Exactly one year ago, I took an uncomfortable Frontier flight to Los Angeles, California for a beyond overdue vacation.
During that time, I was living in Brooklyn, NY dressed head to toe in the finest winter wear, walking to work in four ft of snow, living in an apartment where my bedroom felt more like a walk-in closet. Let’s just say it was time for a break. Not only was it my first vacation solo dolo, I needed confirmation that Los Angeles- the city I’ve been wanting to live in for years was for me.
Fast forward through a shitty break-up, mucho insecurities, fears and anxiety, my first web series going to shit, unintentionally living with an untidy IG model, getting fired..(Twice) and no money I can finally say 365 days later. I live in Los Angeles and…
It. Is. Magic.
All the shit that happened in the past year was worth it. I’m currently sitting at my desk typing this blog post, with a view of LA from the 17th floor that will make New York City’s skyline look like pooh. Don’t worry NY Tribe, I still find ways to mention Brooklyn every day, I make sure everyone knows where I’m from and I totally use phrases like, “Deadass” and “Yo, B”. I Milly Rock when a YG song plays at a party and I miss the culture of New York, but I must say it again…LA is magic.

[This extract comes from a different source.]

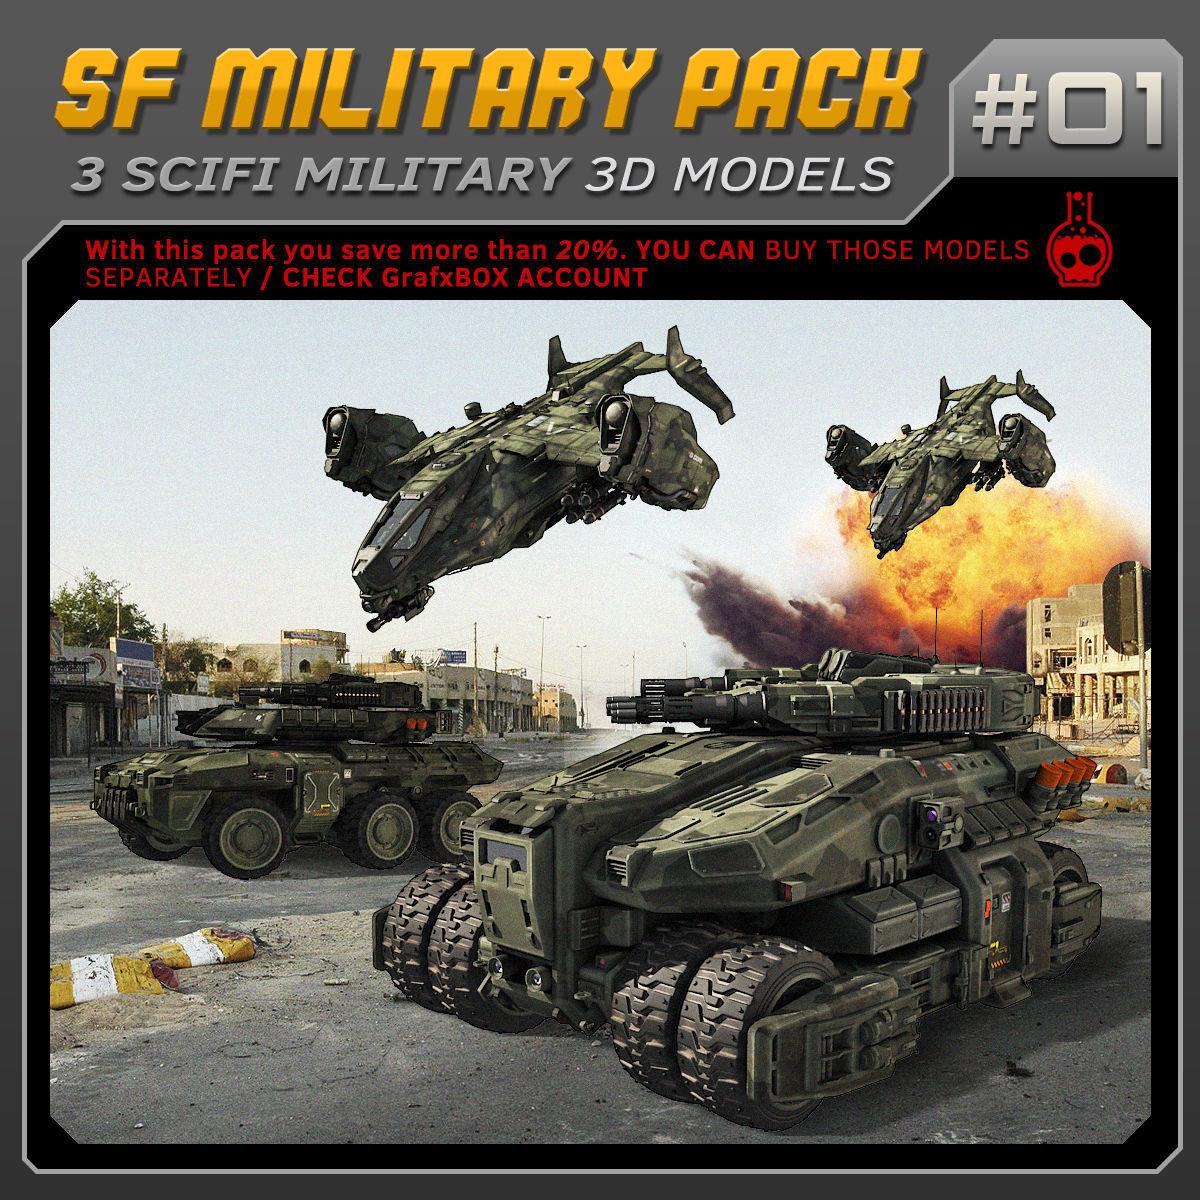 SF Military Pack 01

In six months I completely started a new life. New life swag includes schmoozing at Art Shows in DTLA, completely being myself at “Industry” events, jogging through USC’s campus, rockin’ out at Lady Gaga concerts with my roommate, Warehouse parties, midnight trips to Runyon Canon, strolling through Leimert Park to hear underground hip hop or the illest drum circle get down, thrifting on Melrose. The marijuana out here is beyond extraordinary. I’ve met some incredible, creative, like minded people thus far, from different backgrounds, different races and managed not to say anything to offend them. Hashtag growth!
I performed my stand-up routine for the first time. Fellow comics all signing up for their five minutes of open mic fame. I was nervous up until I touched the mic. I had laughs… real…genuine laughs. Laughs that came from the diaphragm. I dated stand-up comedians before. They never told me I was going to have that feeling. It was comfortable, therapeutic and happened in what seemed like all of 2.5 seconds.

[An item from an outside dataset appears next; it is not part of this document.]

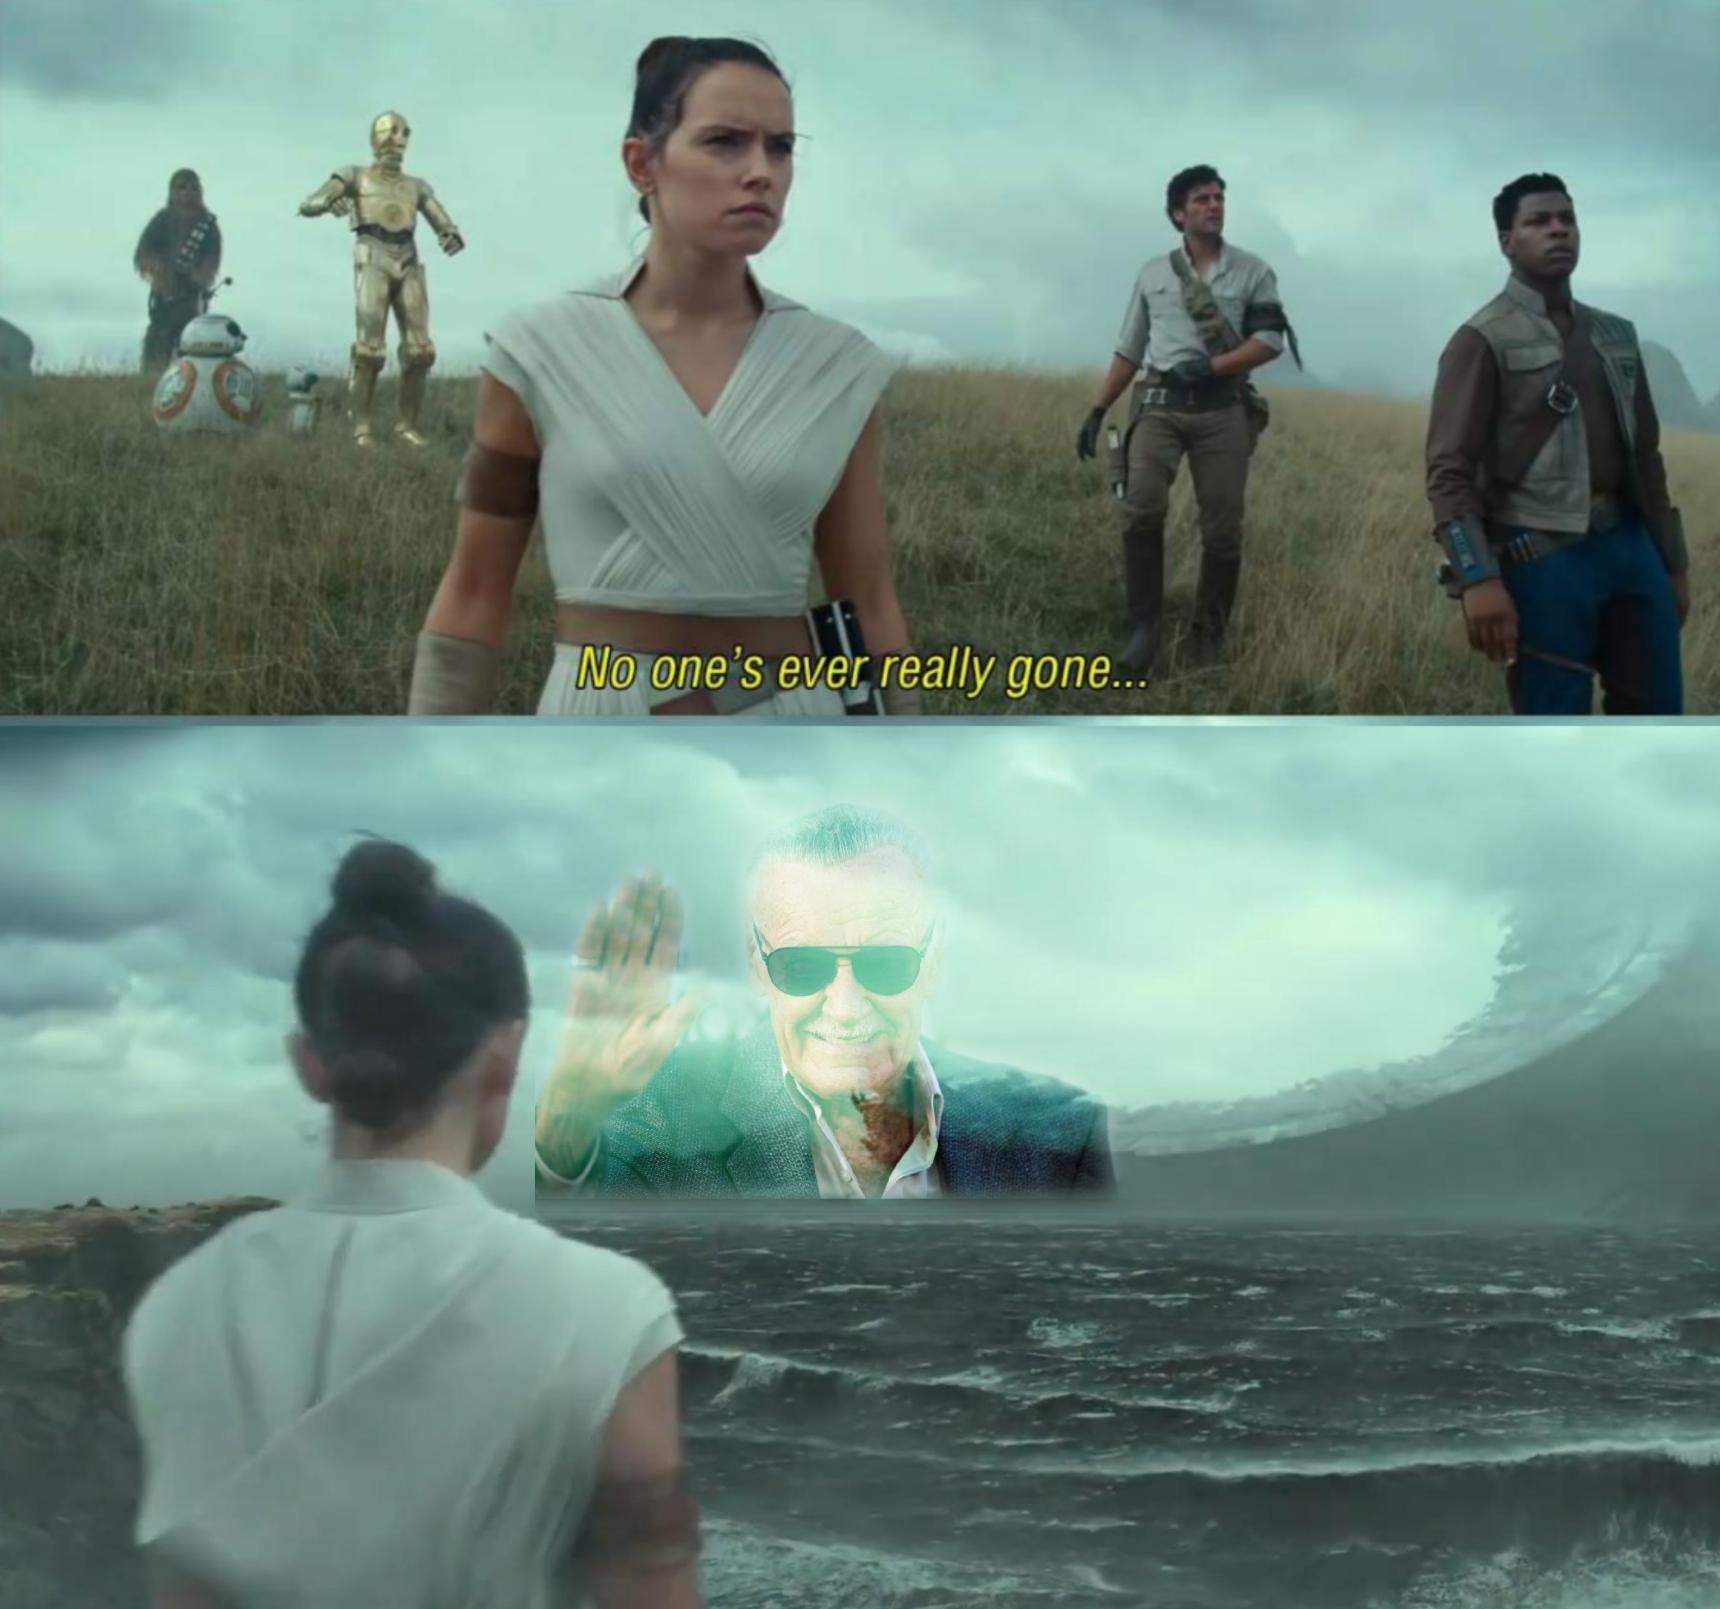 Excelsior (and F) - meme

Now, I’ll admit I didn’t allow myself to give LA a chance. I’m a stubborn one, prideful as well, as free as I proclaim to live I get very antsy, I feel unsure sometimes. I couldn’t see the light beyond all the bullshit that kept happening to me. Don’t get it twisted, my life is not all palm trees and Childish Gambino’s. I’m workin’ my ass off out here. Hustlin’ and grndin’ to make sure these dreams come true.
I found my center.
My focus is clear.
My energy has been given to God.
My heart is completely open to new people who want to connect on a creative level. I’m finally doing whatever the hell I want to do. I wore pigtails in my hair the other day, I ate Oreo’s for dinner for a week straight and I was super ecstatic about it. My mind is free, my body is free and I’m a fuckin’ Goddess out here. Feels good to say that. Feels even better to feel that. All I had to do was jump. Now I’m here. Despite all the craziness and unfairness in the world such as Childish Gambino having a baby by another woman. I’m in a mysterious place where magic is happening and I’m along for the ride.